What is the minimum speed needed to clear a tank of sharks while water skiing?

[notagenius08]

Homework Statement

A water skier is going to glide up a 2.0m frictionless ramp then sail over a 5.0m wide tank filled with sharks, she'll drop the tow rope at the base of the ramp. What minimum speed must she have as she reaches the ramp in order for her to clear the sharks.

Homework Equations

1/2mv^2=mgh
Vf^2=Vi^2 +2ax
t=sqrt of 2(height)/g

The Attempt at a Solution

figured out time to fall 2 meters = .63 seconds. So she'll need to cross the 5.0m wide tank in this amount of time. 5/.63 = 7.82 m/s this is the speed needed as she leaves the top of the ramp.

1/2mv^2=mgh solved for v
v=sqrt of 2gh
this is the speed needed to make it from the the bottom of the ramp to the top.
=6.26 m/s

add these two speed together and it should be velocity at bottom of ramp 6.26+7.82 =14.1 m/s

or so I thought. Book gives answer as 10 m/s.

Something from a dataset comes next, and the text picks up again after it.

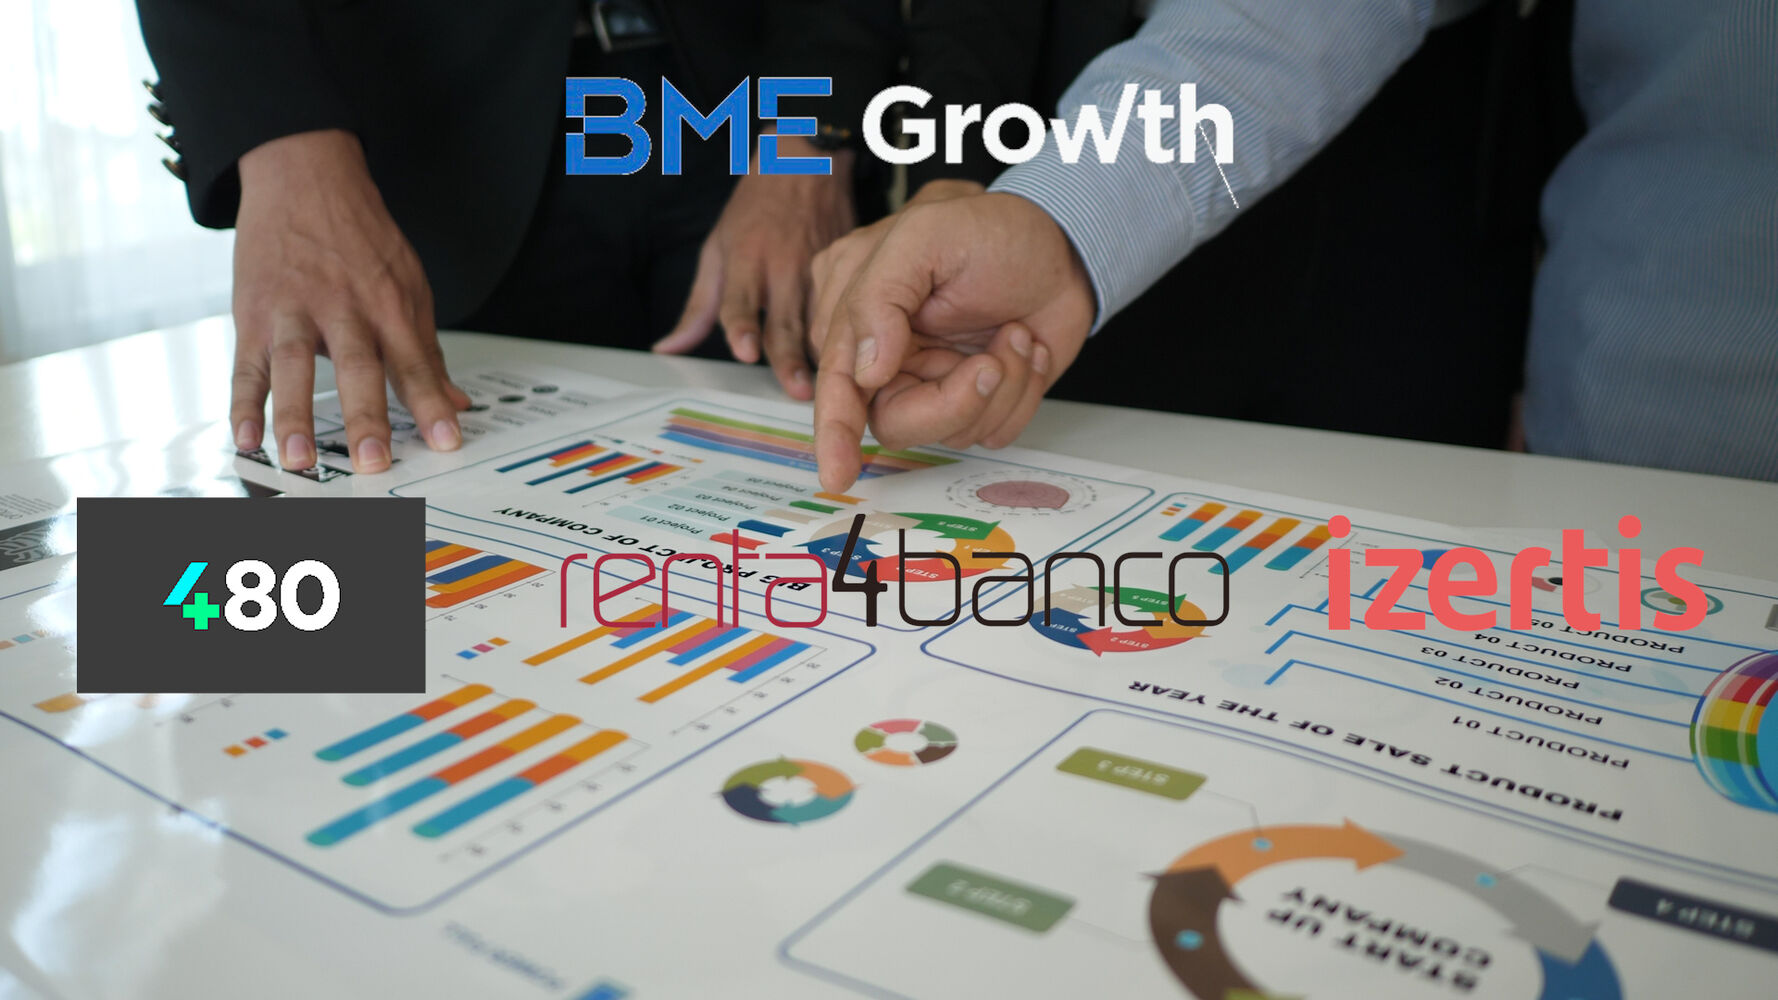 BME Growth: bondades de cotizar en el mercado las pymes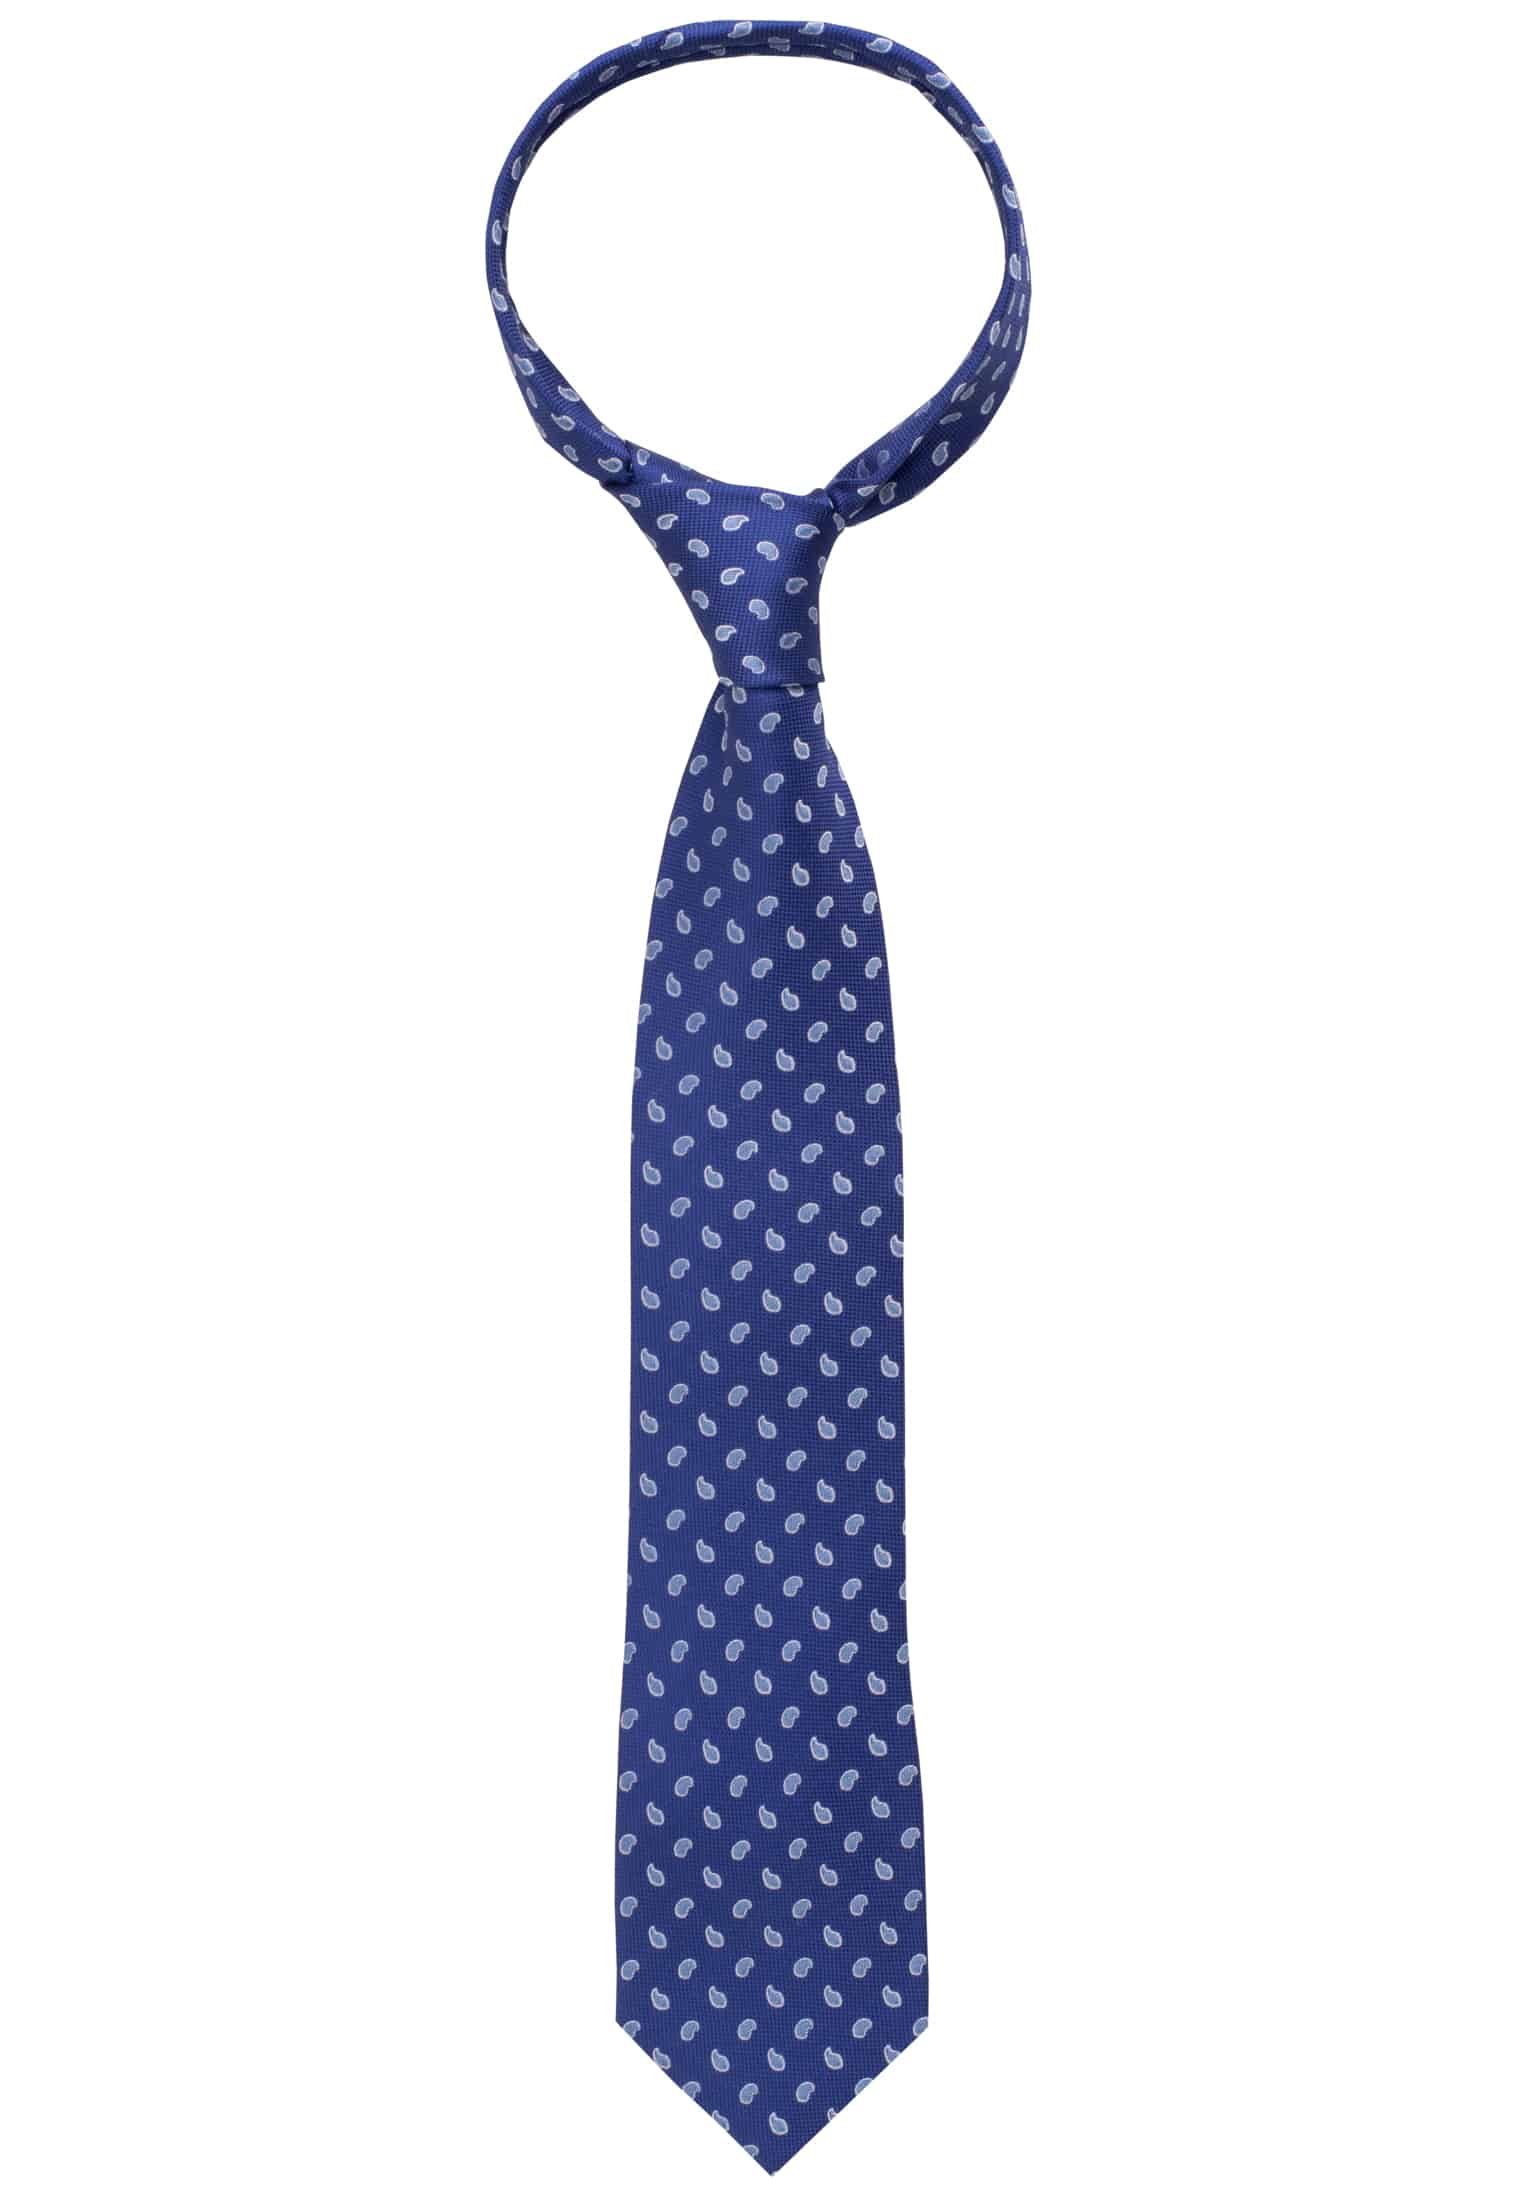 Krawatte in navy/blau 1AC00541-81-83-142 | | | navy/blau 142 gemustert

so which calculation is wrong? 10-7.82 =2.18 m/s this isn't enough to make it up the ramp.

10-6.26 = 3.74 this isn't enough speed to make it over the sharks.

All I can think is that maybe I am calculating the speed to get up the ramp incorrectly.

Any help?

Thanks.

 

[Doc Al]

A water skier is going to glide up a 2.0m frictionless ramp

What's the angle of the ramp? I assume 2.0m is the height of the top of the ramp?

 

[notagenius08]

No angle given. In the drawring it is not linear, but curved like a slightly flattened 's', or a local min concave up, inflection point, then concave down local max, if that makes sense.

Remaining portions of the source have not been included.